On remand, the High Court said the lower court “must assess whether the University has offered sufficient evidence that would prove that its admissions program is narrowly tailored to obtain the educational benefits of diversity.”  For the plaintiff, this will mean challenging the extent to which considering race adds a benefit, when weighed against its inevitable costs.  That is, if a nonracial admissions system would achieve similar benefits and with fewer costs, then the consideration of race cannot be said to have been narrowly tailored to the achievement of those benefits.  The Court said that there must be “a careful judicial inquiry into whether a university could achieve sufficient diversity without using racial classifications.”  “The reviewing court must ultimately be satisfied that no workable race-neutral alternatives would produce the educational benefits of diversity.”

In short, the struggle continues against racial preferences, with another Supreme Court decision that should be helpful.

Response from Chemerinsky:

Context is everything.   Mr. Clegg says that the case is “loss” for the University of Texas because the Fifth Circuit decision upholding its program has been vacated and remanded.   But the Supreme Court emphatically did not declare the University of Texas program unconstitutional.

The Court was clear that it was not reconsidering Grutter v.

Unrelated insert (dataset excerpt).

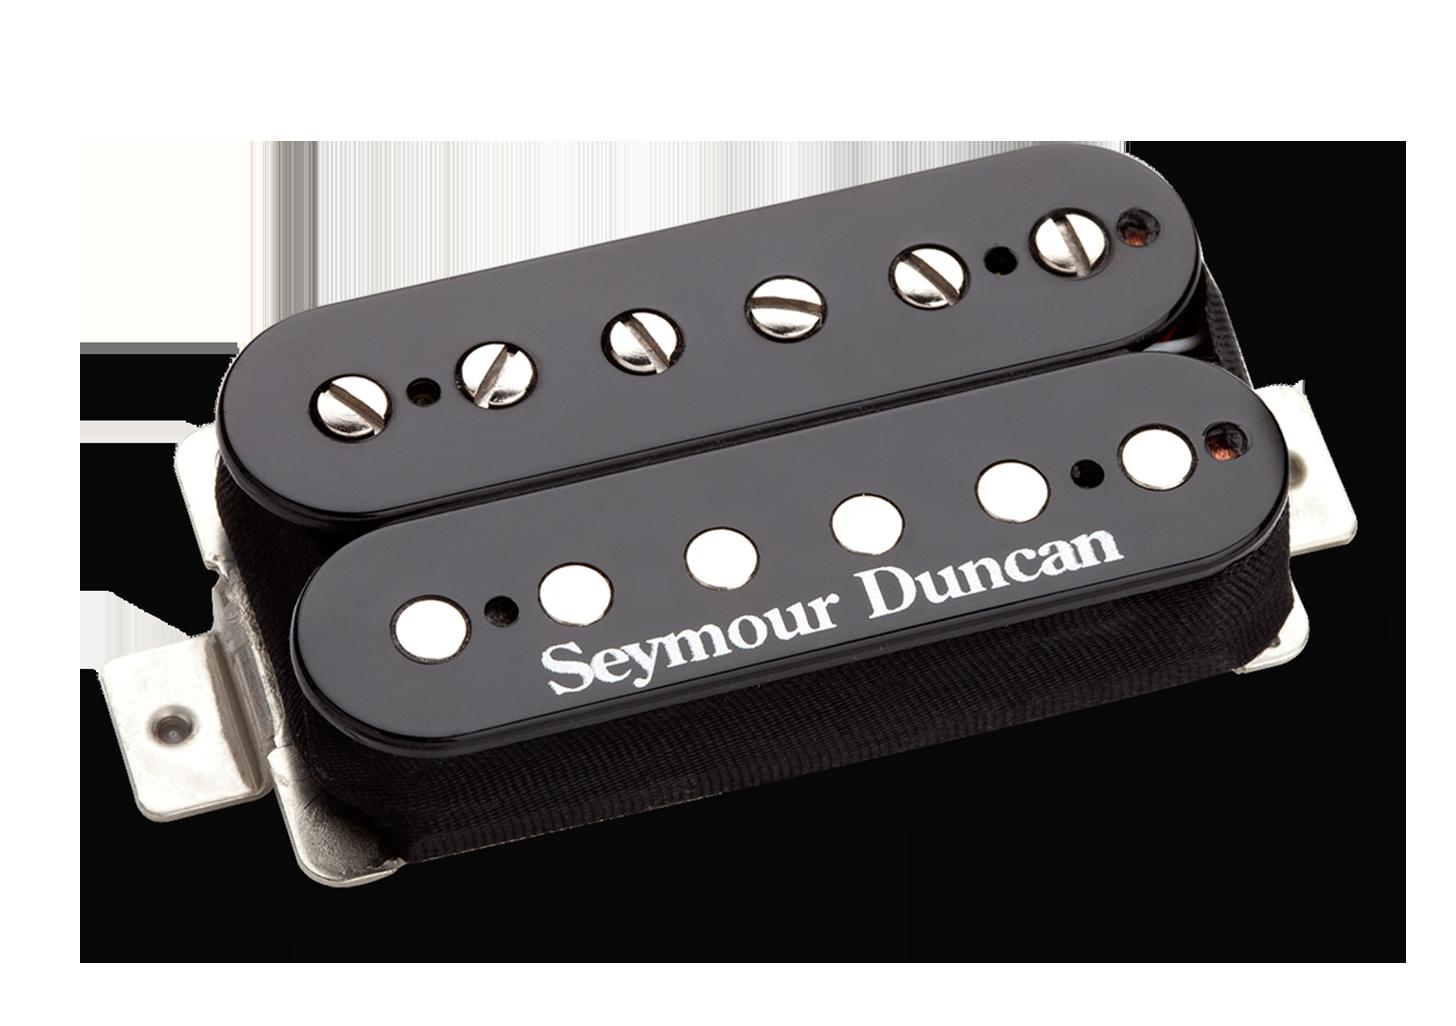 Seymour Duncan Pearly Gates Humbucker - SH-PG1N Neck Black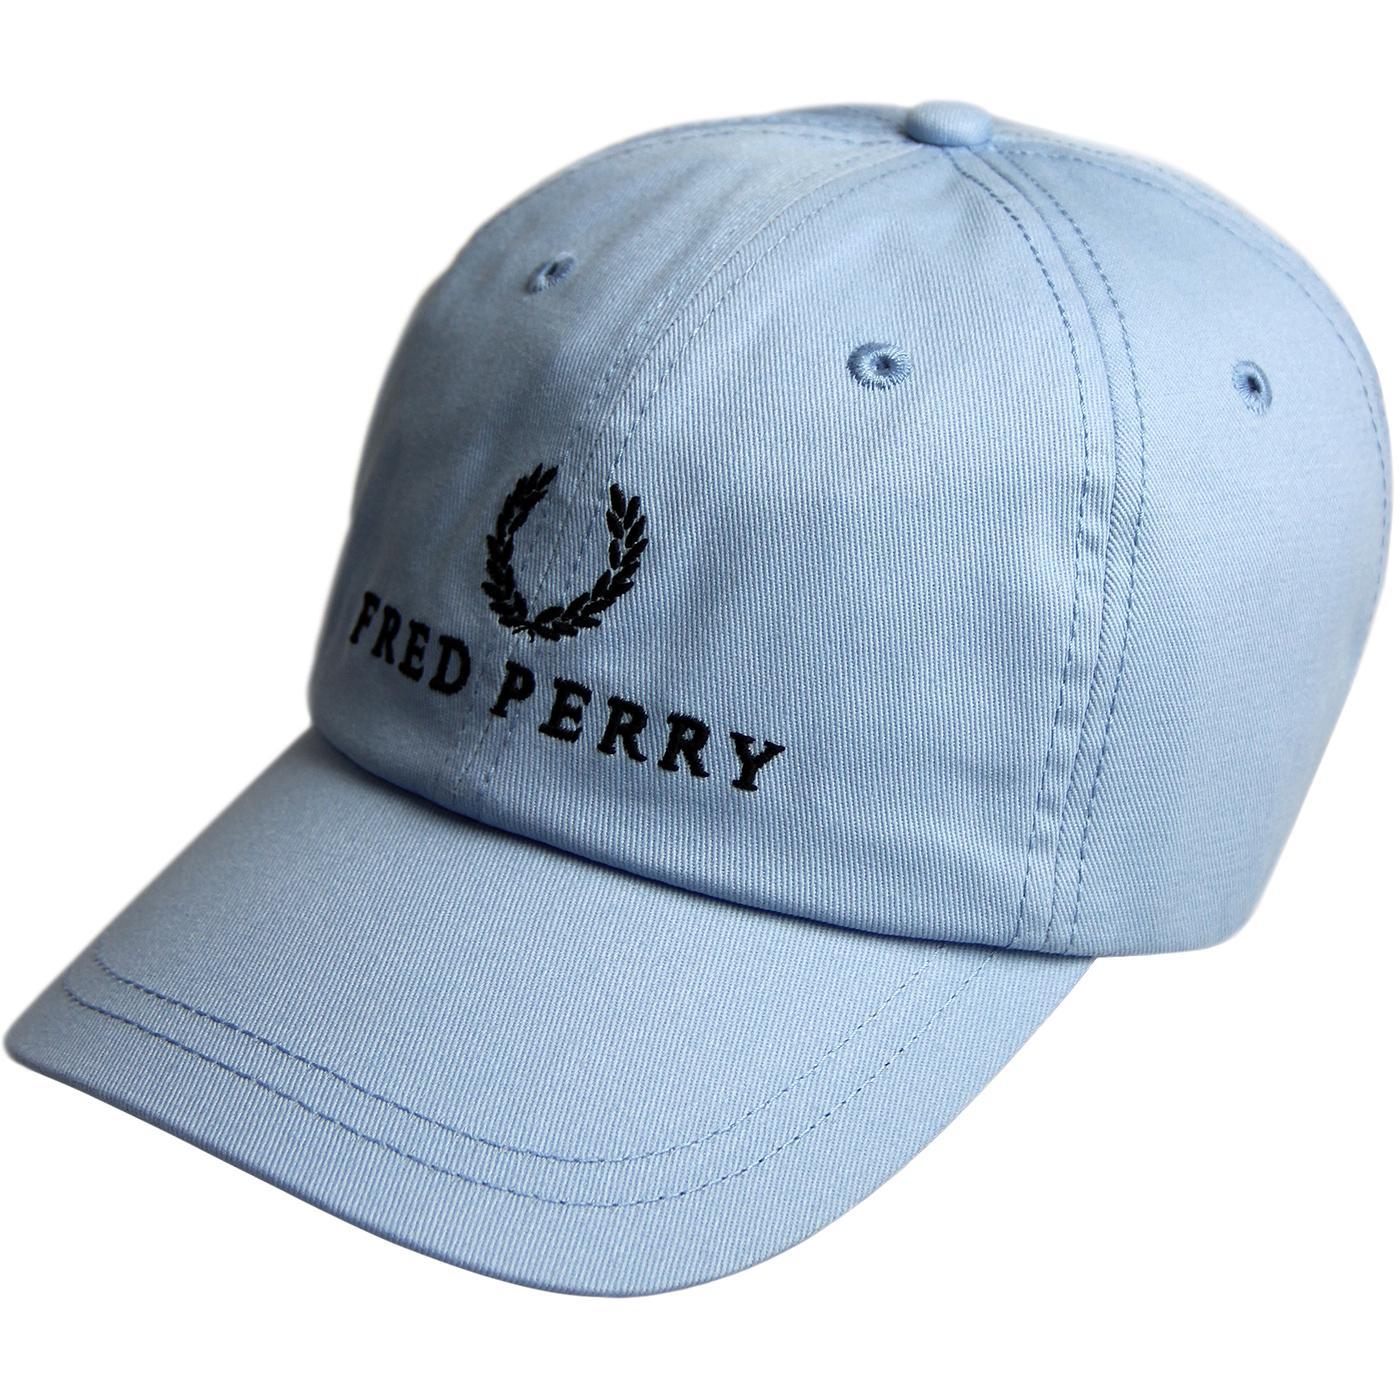 FRED PERRY Retro 90s Tennis Baseball Cap (Glacier)

Bollinger and its holding that colleges and universities have a compelling interest in diversity and may use race as one factor in admissions decisions to benefit minorities.   This is crucial because so many predicted that the Court would overrule or significantly narrow Grutter and eliminate or greatly reduce the ability of colleges and universities to engage in affirmative action.   It didn’t happen.

So my guess is that in this context the University of Texas is breathing a sigh of relief that its program still survives and those who support affirmative action hardly see the decision as a loss since it did not change the law or make it more difficult for colleges and universities to achieve diversity.   That may still come in the future, but it didn’t happen today.

Response from Clegg:

Thanks, Erwin.  Well, the Court said that the reason it wasn’t reconsidering Grutter was that the petitioner had not asked it to, so there is no reaffirmation of Grutter — it is just taken as a given, as the Court says.

I certainly wish the Court HAD reconsidered and overturned Grutter, but it has left the door open to do that in some future cases; here’s hoping it is asked to in that case.

The University of Texas is, no doubt, breathing a sigh of relief that it didn’t lose outright before the Court, but it also did not get an affirmance of its win below.  It did not get executed, but it had gotten off scot-free while now it is back before the executioner.

I don’t know what you mean exactly when you say that today’s decision does not “make more difficult for colleges and universities to achieve diversity.”  It certainly makes it more difficult for schools to justify the use of racial preferences.  Not as difficult as it should, but more difficult nonetheless.